Photo of Elan Herrera, Chris Hoffman, James Tonthat, Sam Woelke Students: Elan Herrera, Chris Hoffman, James Tonthat, Sam Woelke

Sponsor: UT Austin Nuclear Engineering Teaching Laboratory

Date: Spring 2013

Requirements:
The new sample changer system is required to be simple, accurate and reliable. The changer is required to queue a minimum of 20 Petri dishes (standard 60mm O.D.) while maintaining a sample transient time of under 1 minute. The positioning accuracy is limited to within 5 mm of concentric alignment with the detector aperture. The sample must sit at a height of 10 mm or less from the detector film with a maximum of 2 mm thickness for the supporting sample holder.

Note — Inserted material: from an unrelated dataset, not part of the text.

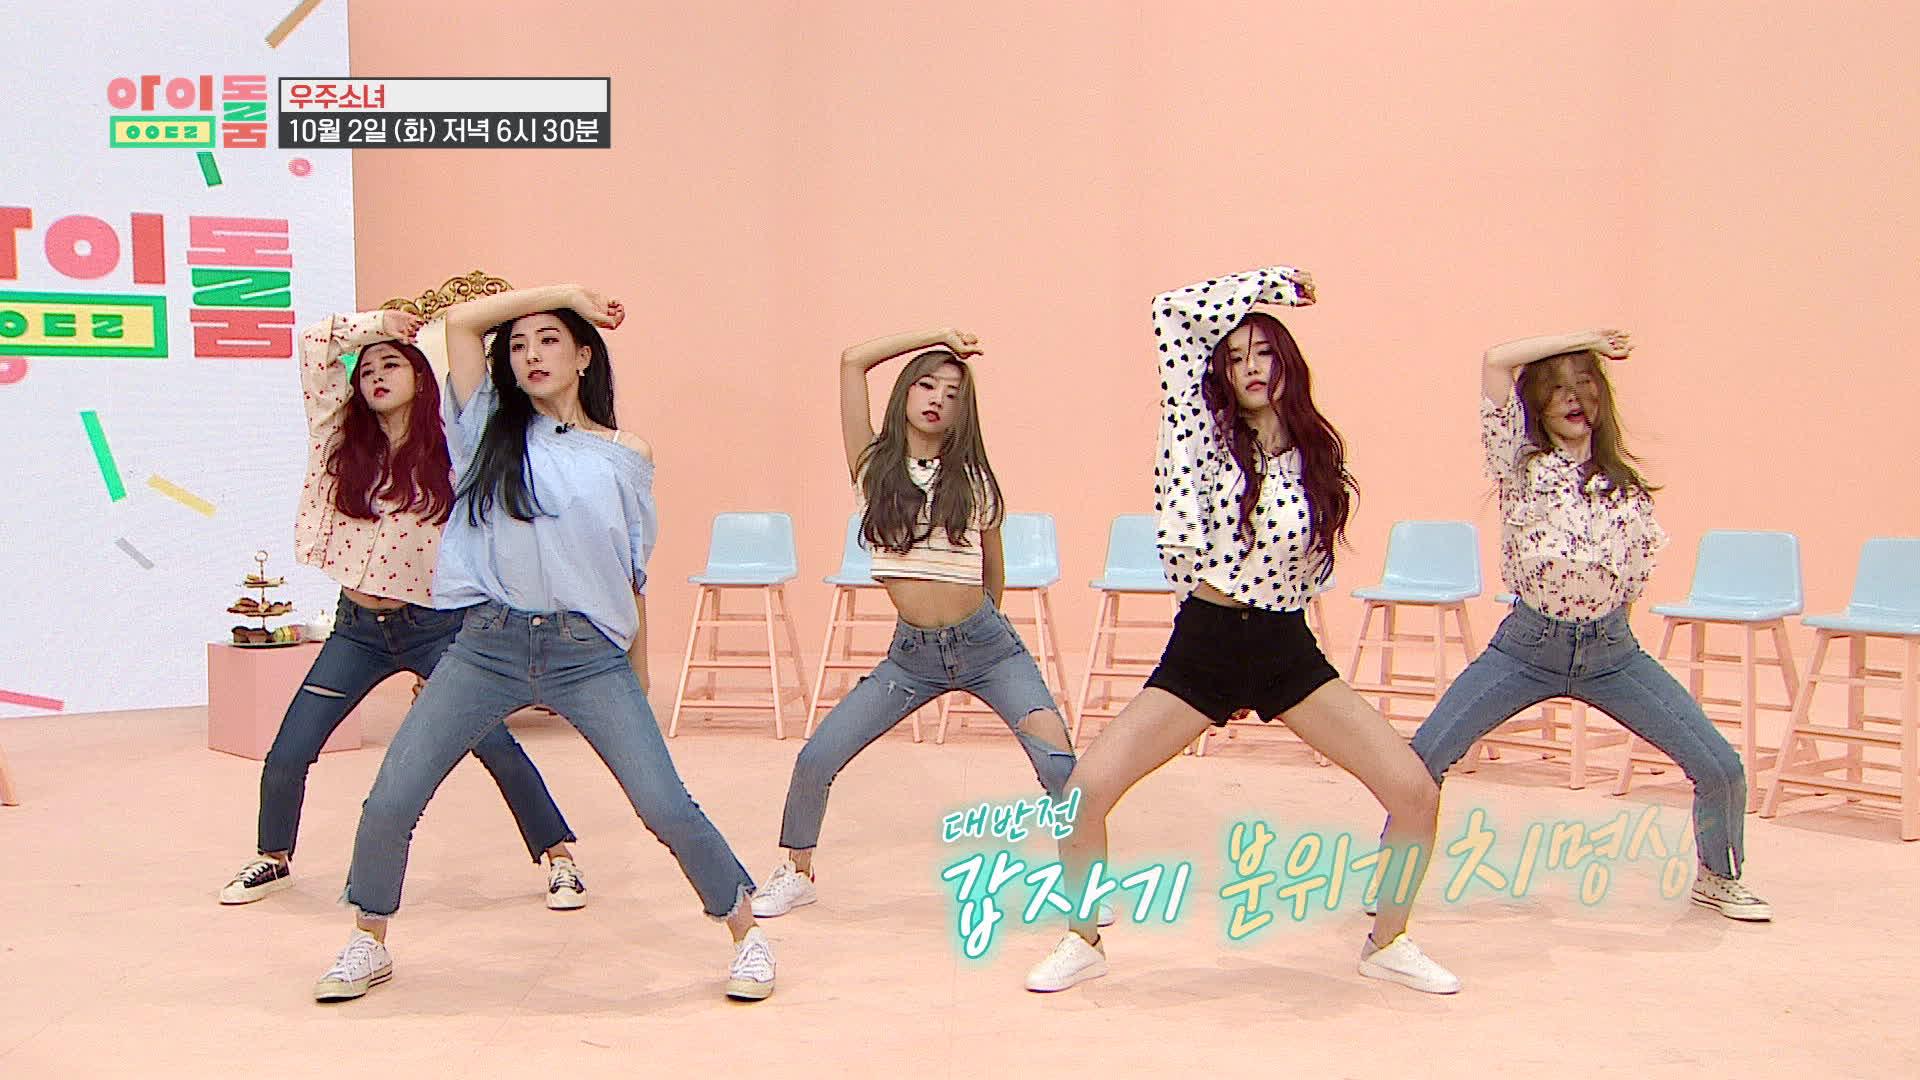 <아이돌룸> 21회 선공개 - 걸크러시 뿜뿜☆ 우주소녀 커버댄스
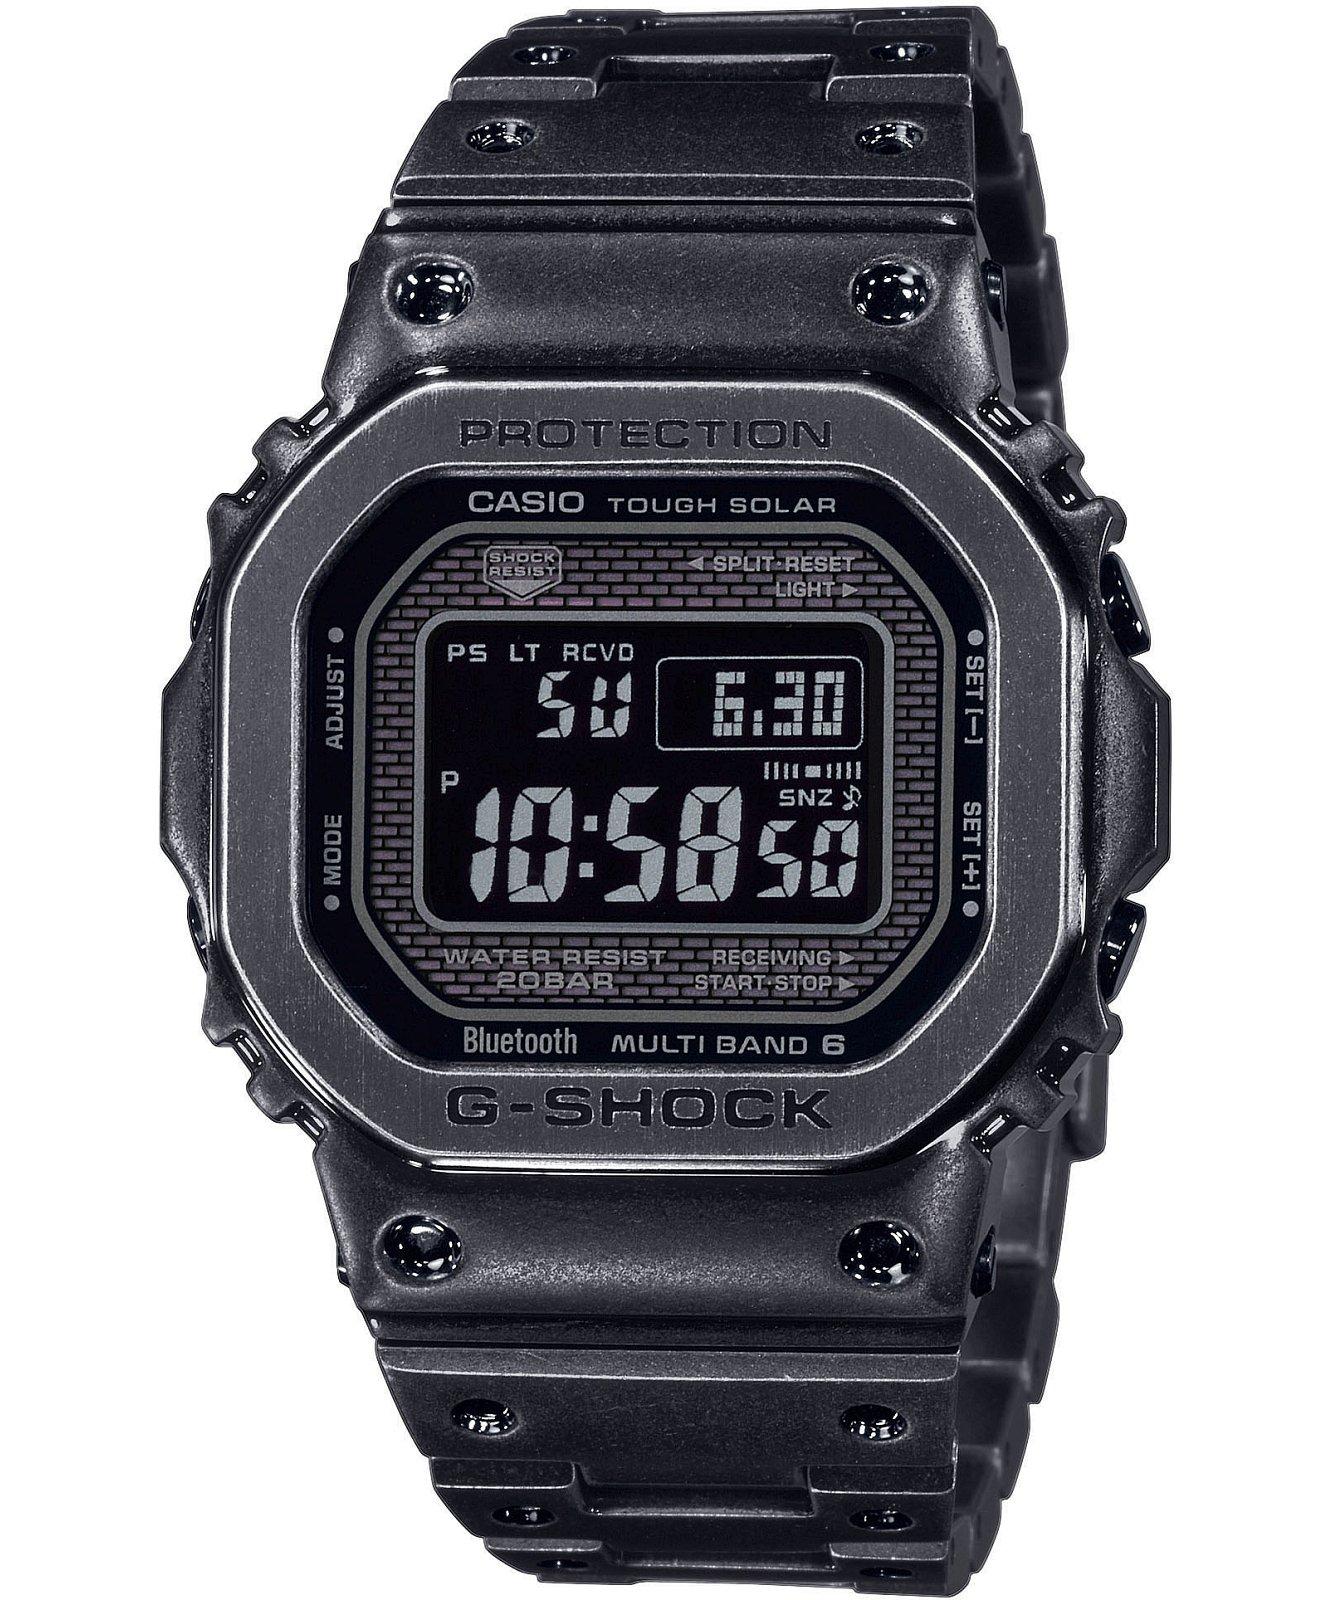 zegarek-meski-g-shock-specials-full-metal-case-aged-ip-limited-gmw-b5000v-1er-1

The budget is $30,000, including prototyping, the sample changer system and the steel support structure.

Problem:
The Nuclear Engineering Teaching Laboratory (NETL) requested the design of a new, automatic sample changer for a high-purity germanium detection system. The sample changer will handle Petri dishes containing naturally occurring radioactive material (NORM) found in geological samples. These samples come from oil and natural gas drilling sites, and they are used to verify the radiation levels at the work site are below the regulated limits.

Solution:
The team designed the automatic sample changer system to meet all of the specifications while ensuring the detector will remain safe through the extent of operation and possible accident scenarios. The system is based on a series of interlocking subassemblies, which then attach to the underside of the steel structure. The sample magazine is a gravity-fed system designed for 20 samples, but is expandible. The transport track utilizes a Velmex XSlide linear screw drive to move the sample into position with a balance of speed and accuracy. The u-channel bridge design ensures the sample travels straight and will not exit the track on its own. The transport claw is a thin, notched, low-density polyethylene part that acts as a fail-safe mechanism in case of detector collision. Likewise, the Velmex controller has inputs from adjustable limit switches, and a magnetic reed home switch, to ensure the system operates as intended. While the transport track mounts to the detector shroud for loading support, the shroud also offers protection for the detector arm while in the raised, detection position. The total budget is roughly $6,000 for materials and manufacturing. The team will be working in conjunction with NETL over Summer 2013 to fabricate, assemble and test the system and its controller.